The purpose of chapter 475 is to prevent persons, brokers or nonbrokers, from fraudulently or improperly dealing with property of others. It is not the purpose to prevent persons dealing for themselves to reduce the purchase price or to permit deferred payment of the purchase price even though they use the word "commission" in their arrangement.
BREACH OF CONTRACT
As an alternative grounds to recover the commission paid, Kott claims that CFI breached its contract by failing to timely make the final payment. Kott relies on that portion of the contract that provides:
APPLICATION OF DEPOSIT ON DEFAULT: In the event buyer fails to perform and the deposit aforesaid is retained, the amount of the deposit shall be paid 1/3 to Area One, Inc. and 1/3 to sellers. If the transaction shall not be closed because of the failure of the seller to perform, then seller shall pay the commission to Area One, Inc. as stated above. In the event of default by either seller or buyer, no commission shall be paid to Central Florida Investments, Inc.
First, the provision applies only to the deposit made pursuant to the contract. Since the contract did close, the provision becomes moot.
Second, even if the last sentence is considered a general contract provision, upon full payment and acceptance of the contract amount any default was cured. The significance of this provision, however, is that it shows that the "commission" was intended as a conditional contract price reduction and not an earned real estate commission based on procuring the sale of the property. Otherwise CFI would have been treated the same as Area One, Inc.
Kott is attempting to use chapter 475 not only as a shield to protect against a legitimate contractual obligation to return a portion of the purchase price but also as a sword to recover that which has been paid. Chapter 475 does not require this unjust enrichment.
The judgment is REVERSED and the cause is REMANDED to award CFI the balance of its purchase price refund.
W. SHARP, J., concurs.
DIAMANTIS, J., concurs specially with opinion.

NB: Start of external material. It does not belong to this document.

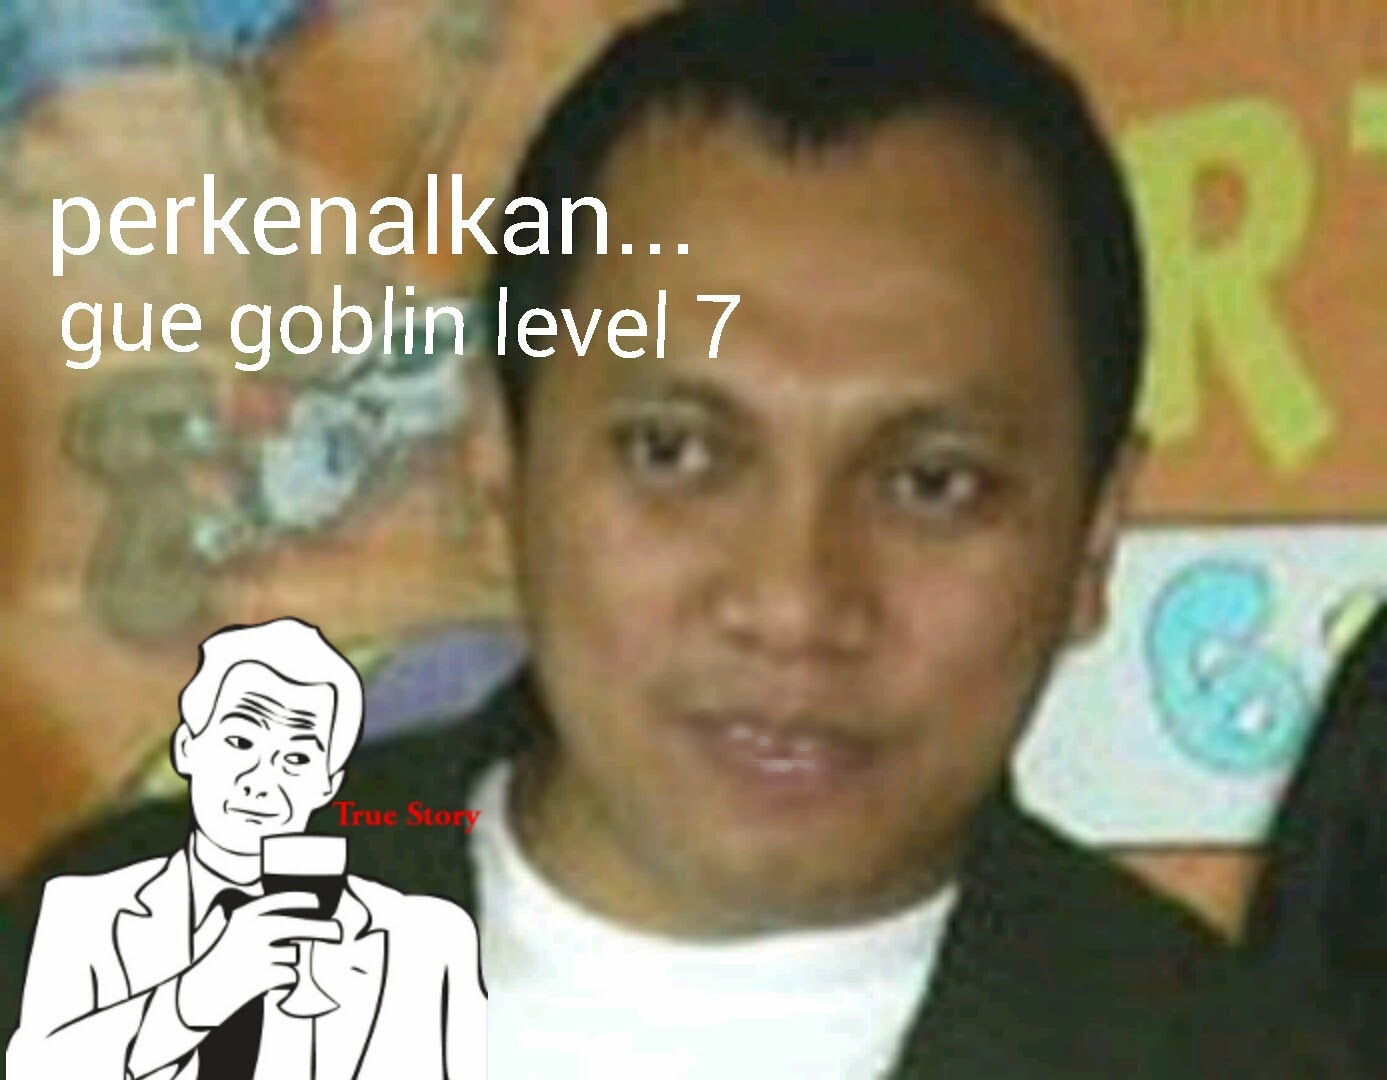 Gambar Dp Bbm Coc Lucu Goblin Level Terakhir Foto Gambar Lucu Dp

I concur. However, I do not read Ganot Corporation v. J.M.G. Construction Corporation, 560 So.2d 804 (Fla. 4th DCA 1990) as being in apparent conflict with our decision. In that case, Ganot sold lots to JMG who then built houses on the lots and sold the houses to third parties. JMG agreed to pay Ganot, who was not a licensed broker, a 7% commission on each sale. When the houses were sold to third parties, Ganot was neither an owner, nor a buyer, of the property. Ganot was not a party to these sales except to receive a 7% commission. In the instant case CFI was not a licensed broker, however, CFI was the buyer of the property from the Kotts. It was agreed among CFI, the Kotts, and Area One, the licensed broker, that CFI would receive 2/3 of Area One's commission. This agreement among CFI, the Kotts, and Area One constituted an acceptable method to all by which the purchase price to CFI could be effectively reduced. Under these circumstances, CFI was not functioning as a broker.